Today, each and everyone of his grandkids can say, that our grandpa was the greatest grandfather. If we were in High School, he never missed any of our games. He wore our school logo t-shirts, school sweaters and hats with pride. He'd lecture us, he'd guide us and he'd scold us when he felt he needed too. He'd always stress that going to school was very important. He was a very hands on and very involved grandpa. Always wanted to know our business and who we were dating - Even if we weren't dating. And if you were past 25, he'd say "y cuando te vas a casar." or if you were his grandson he'd say, "y cuántas novias tienes?" And we'd say, "Aye Grandpa. You're funny!" For Ava, he loved even more, knowing that that was his first great granddaughter. For Danna, you were loved by my grandfather.

For Frankie, Gabby, Hector, Mirella, Manuel, Steven, Liliana, Andrew, Mark, Amayda, Anthony, Clarissa, Adrian and Jessie - We are the grandchildren of Manuel Heredia.

As a husband, he loved my grandma unconditionally.
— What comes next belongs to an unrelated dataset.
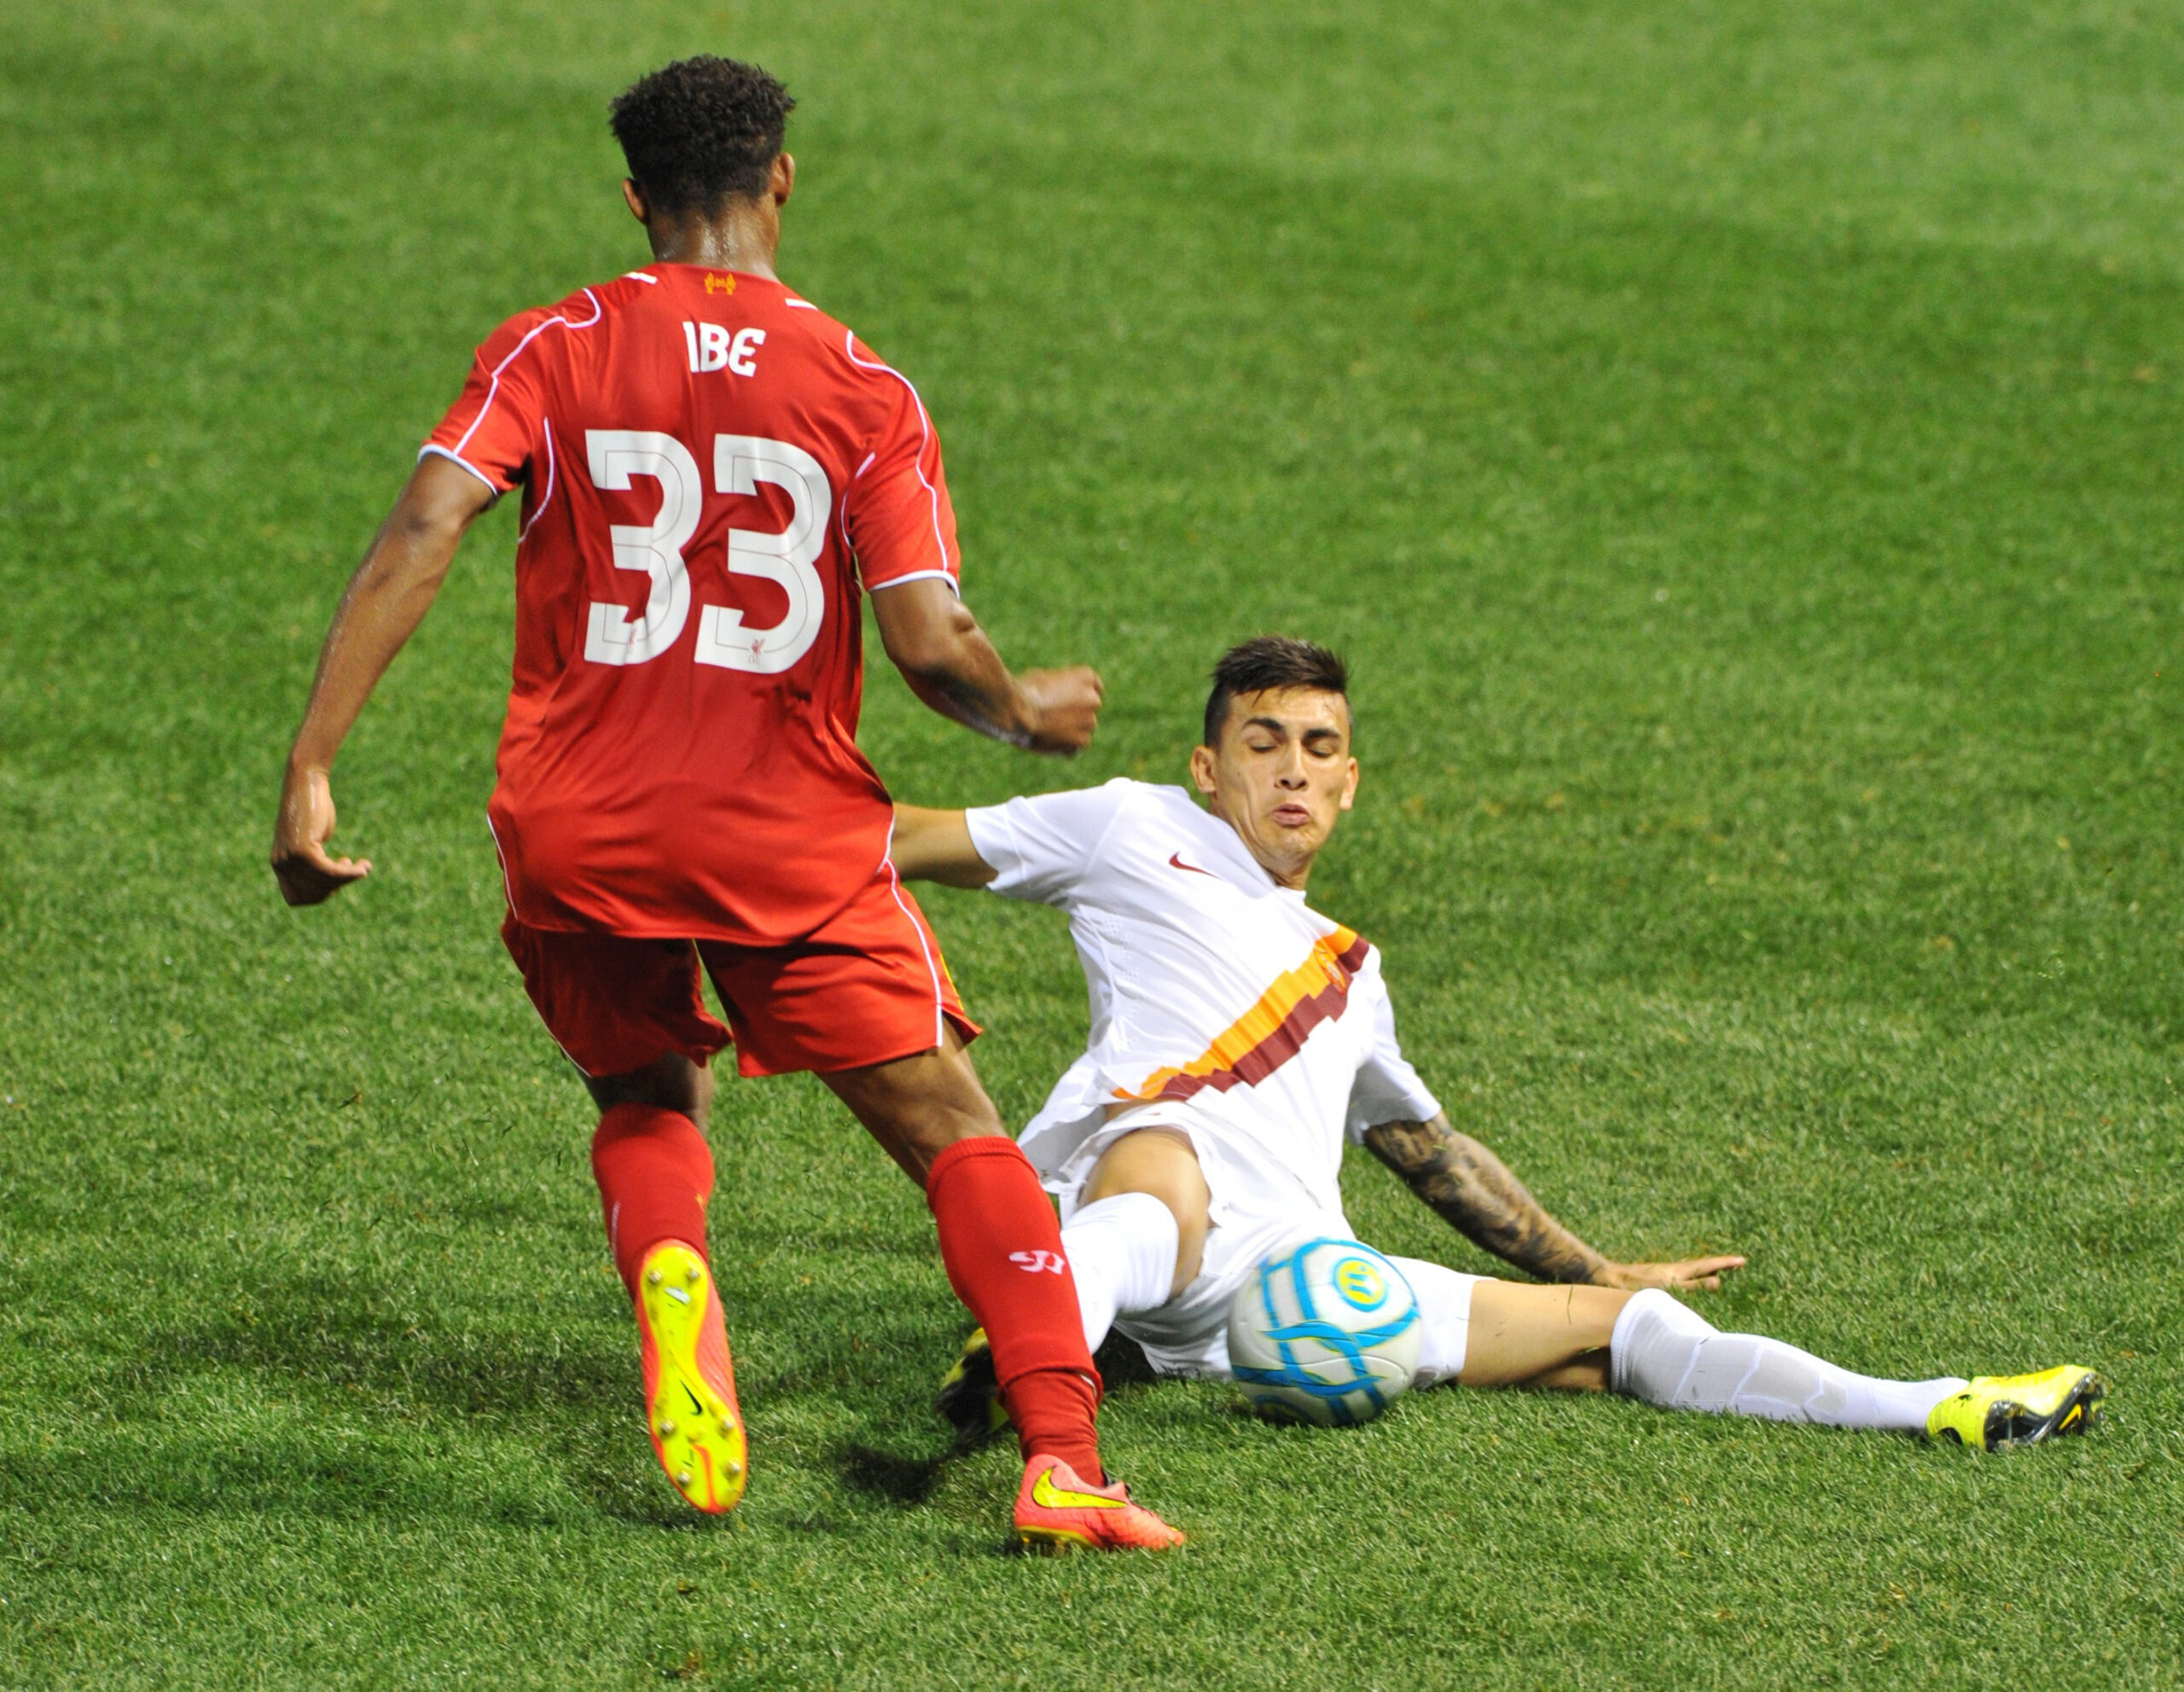 23 July 2014:Roma defender Tin Jedvaj #33 slides in and knocks the ball away from Liverpool forward Jordon Ibe #33 during the Roma game against Liverpool at Fenway Park in Boston, MA.  (Icon Sportswire via AP Images)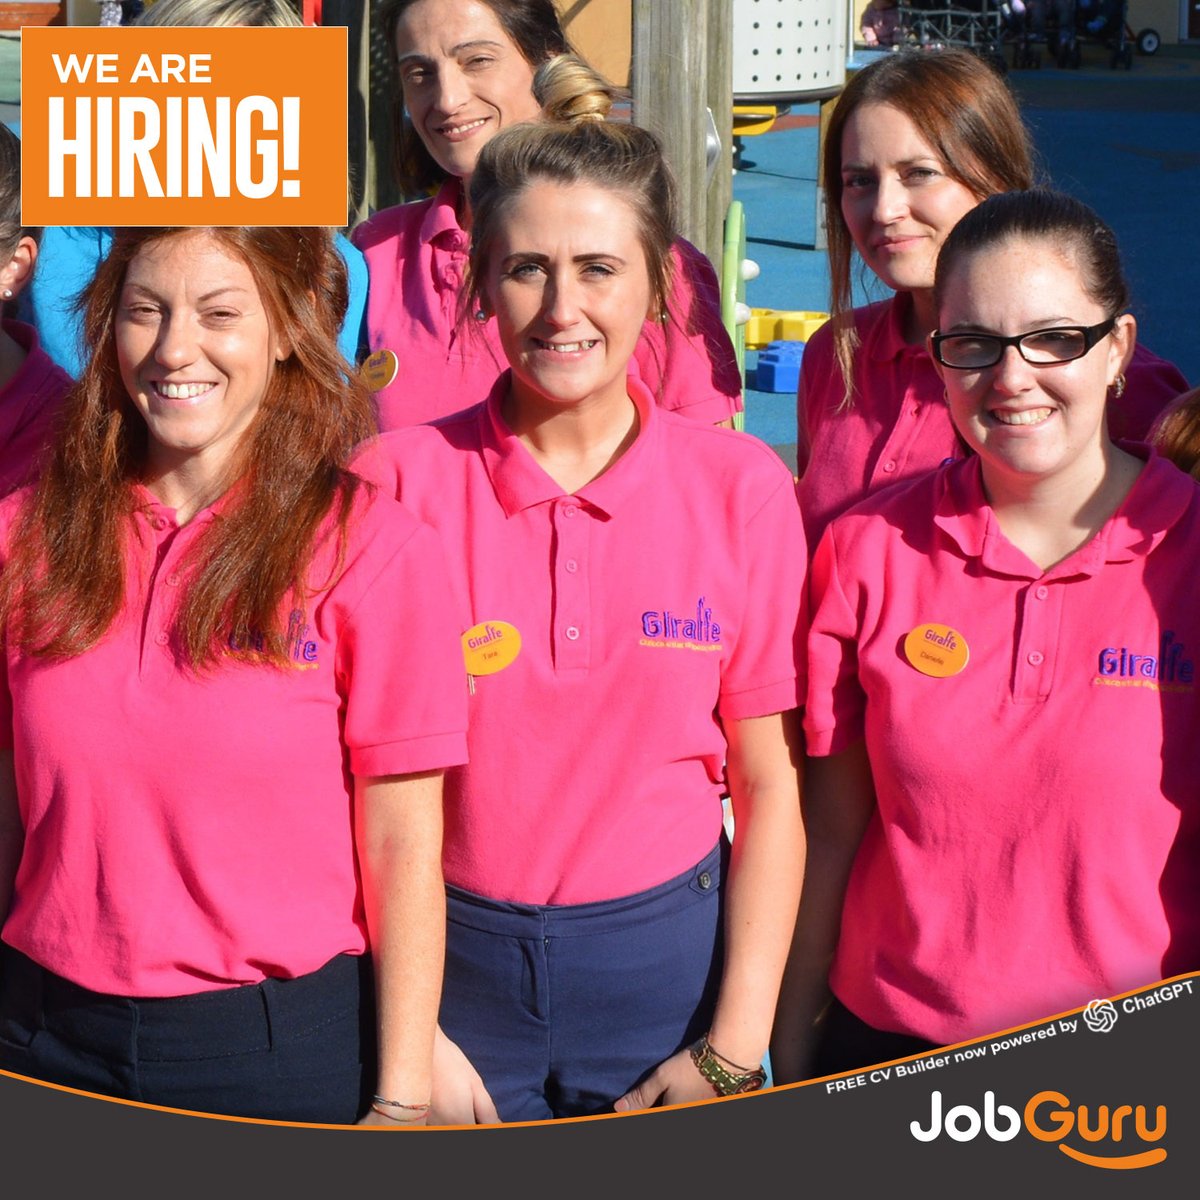 👶🏼✨ Join us at Giraffe Childcare for our Childcare Practitioner Interview Day on March 15th in Dublin! Explore exciting opportunities with job security, career progression, and employee benefits. #ChildcareJobs #DublinCareers 🌟🎈jobguru.ie/vacancy/childc…

And my grandma loved him even more. He would sing to her at random times songs like "usted" or "novia mía," dance with her when he wanted to be silly and constantly told her that he loved her. He'd say, "te quiero, mi vijeita." Because he did, to the very end. And we want to say thank you grandma for loving our grandpa, for taking care of him, and for completing your vows of till death do you part because he died in the most important persons arms, yours.

I also want to thank you grandpa. For loving each and everyone of us. For inspiring us. For guiding us. For making the sacrifices you had to give us everything. And for leaving a little bit of you in all of us. You really did love us all unconditionally.

Today, I want you all to know one thing; and it's that he is at peace now. There is no more suffering. No more agony, no more pain, and no more discomfort - There is only peace - and knowing that; our hearts are truly at peace with his passing.